HILO microscopy is a mode of imaging where the laser is directed at a sharp angle through the sample. This affords an imaging depth of up to 10 µm, at a signal to background noise ratio (SNR) only slightly lower than that of TIRF.
HILO stands for highly inclined and laminated optical sheet but is affectionately referred to as "Dirty TIRF" due to the slightly lower SNR in comparison to TIRF imaging.
The beam of light is both highly inclined and also incredibly thin. This has the effect of increasing the image intensity while at the same time reducing the background noise. Overall, the signal to background noise ratio can be up to eight times greater than standard epifluorescence illumination.
Crucially, the technique is not limited to imaging the surface of samples like TIRF. In TIRF microscopy, the effervescent wave is limited to 200nm from the glass surface so where deeper sample penetration is required, HILO becomes a very desirable mode. Often this is needed when imaging tissues, nuclei or other cell material that sit beyond the membrane.
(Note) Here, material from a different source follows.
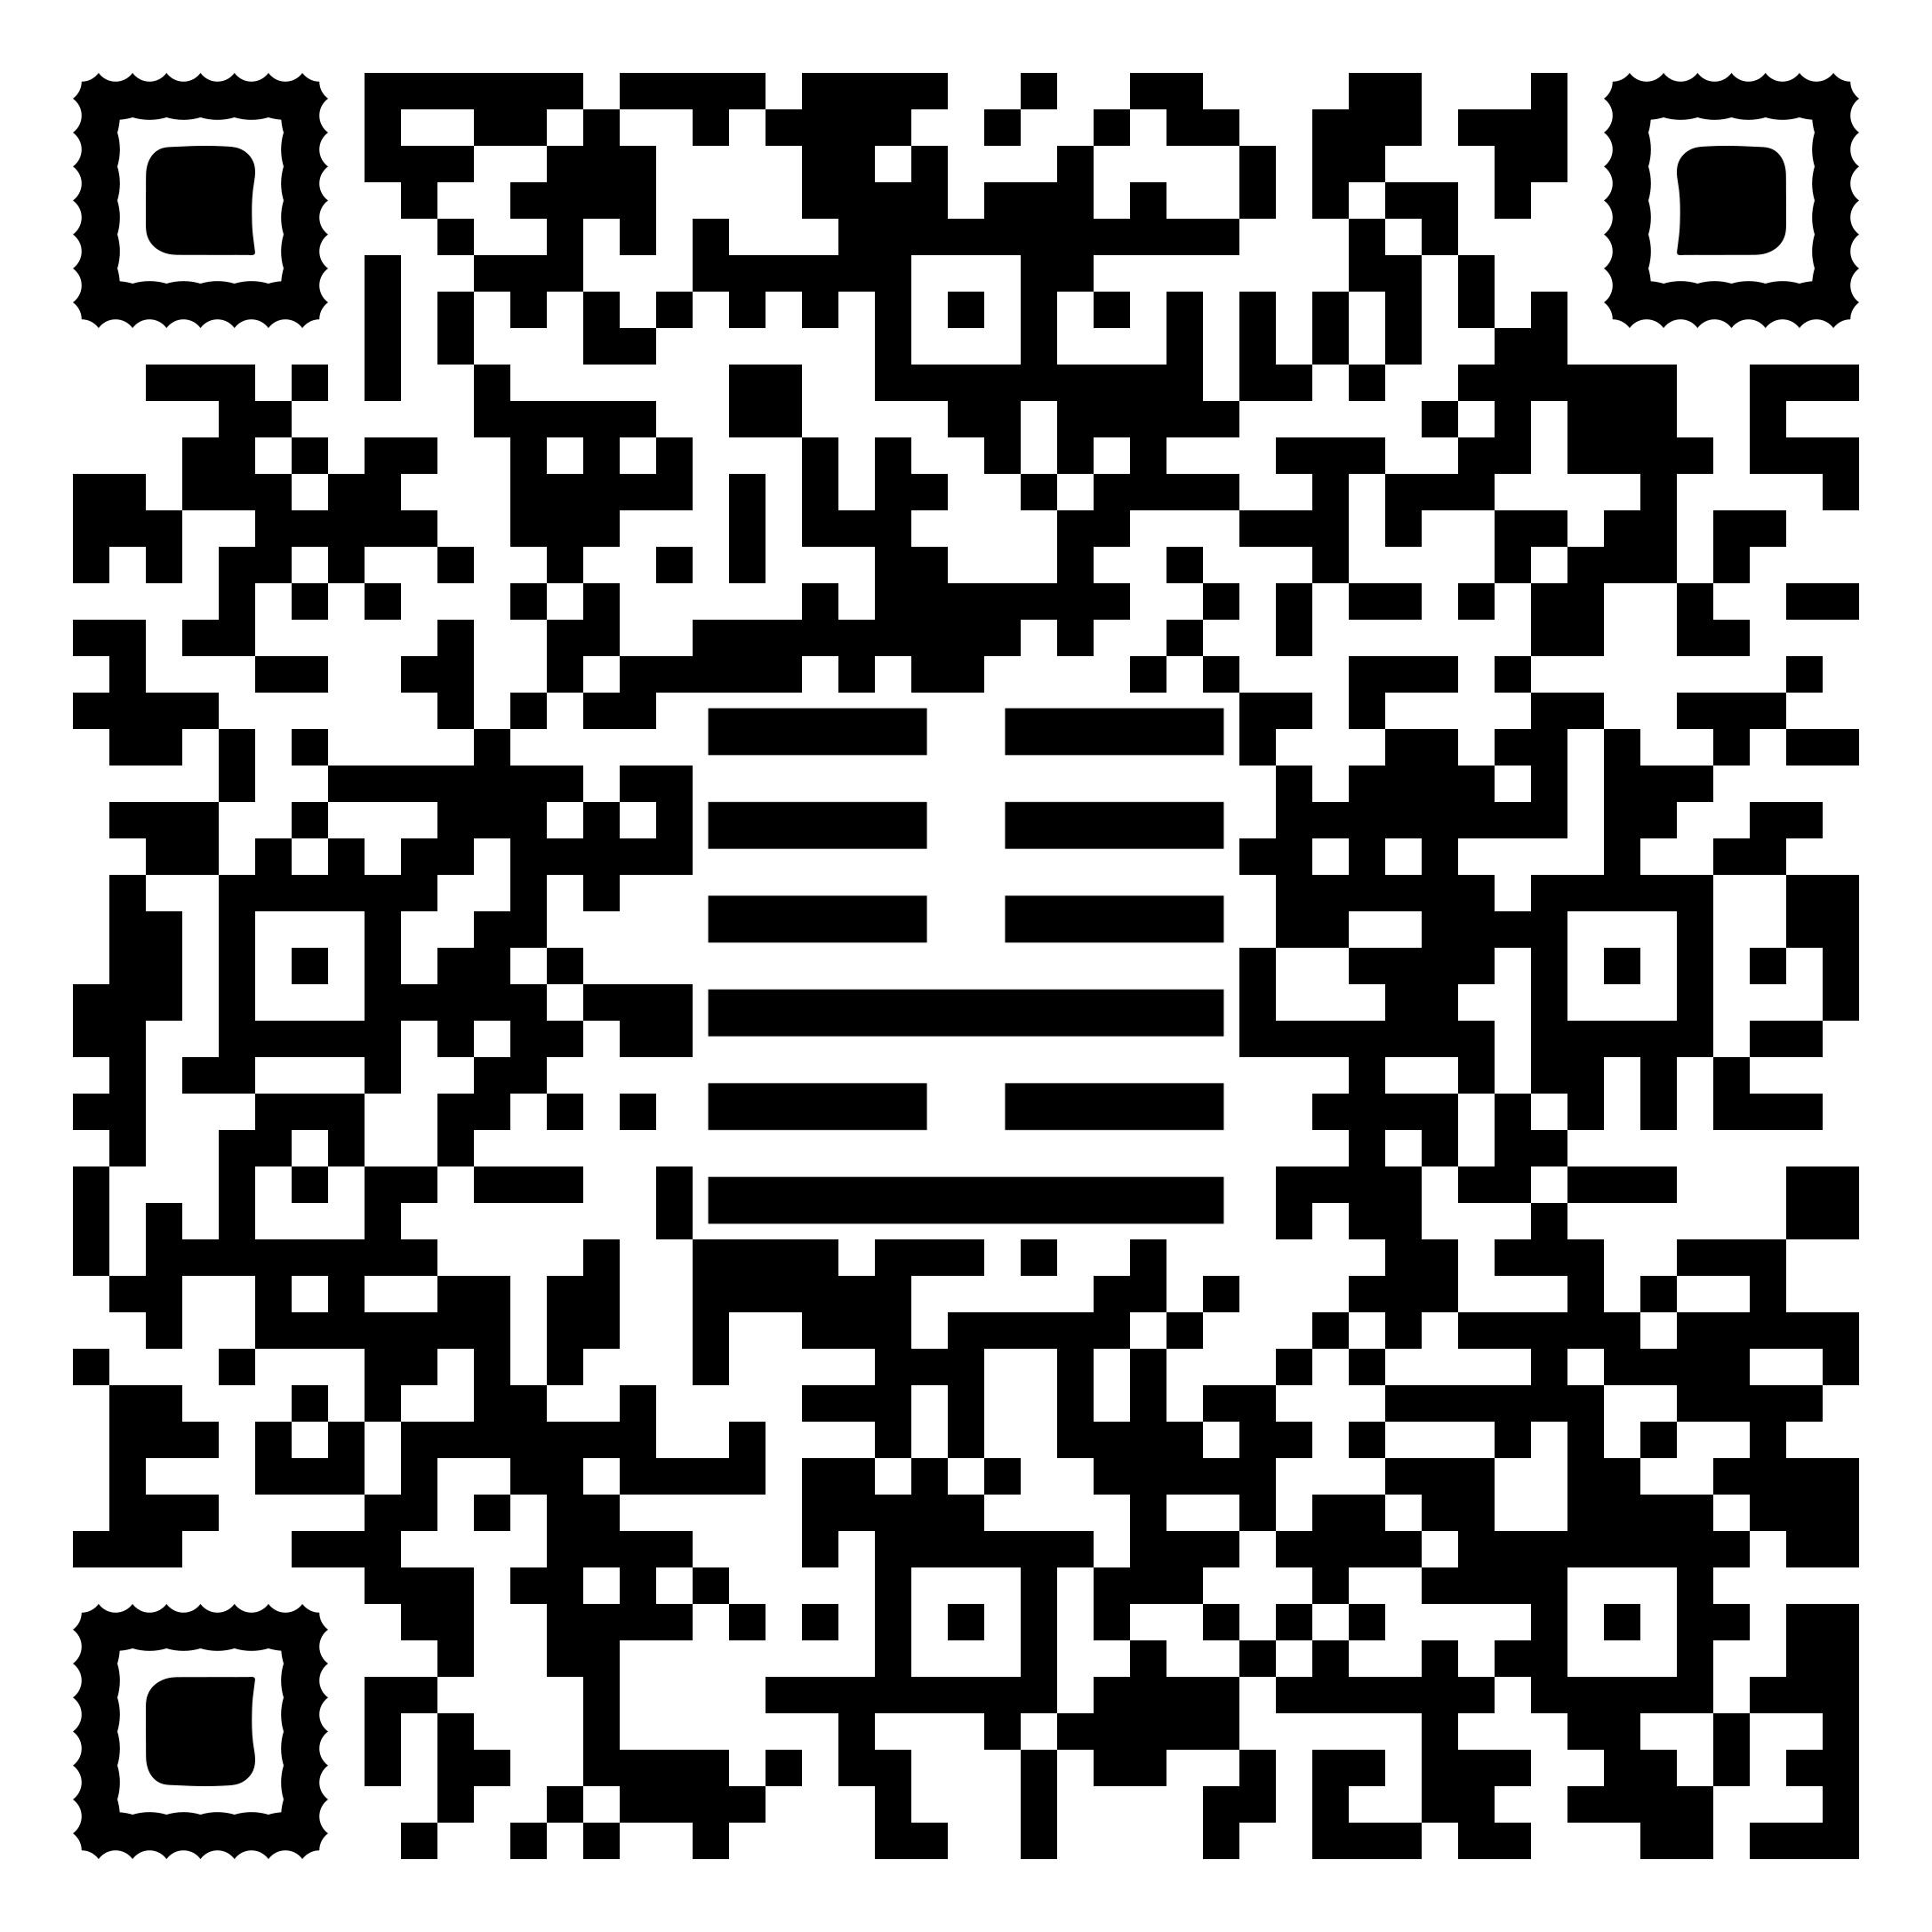 qr-code-36.png

This advantage, coupled with the clearing up of background noise means it becomes possible to quantify molecular dynamics, kinetics and interactions in biological systems.
The Nanoimager microscope allows full control over the illumination angle so three imaging modes - EPI, TIRF and HILO - are all possible. Each of these types of illumination can be used to acquire super-resolution, smFRET or tracking data. A full field of view takes only milliseconds to record and reduced frames can be imaged at up to 5 kHz frame rate.
It is possible to change the illumination angle in 0.5 degree increments. Seeing the SNR changes in real time, in practice, allows the user to scroll through all illumination modes on the same sample. It is therefore possible to quickly adapt to the specific sample requirements without having to select the correct mode up front.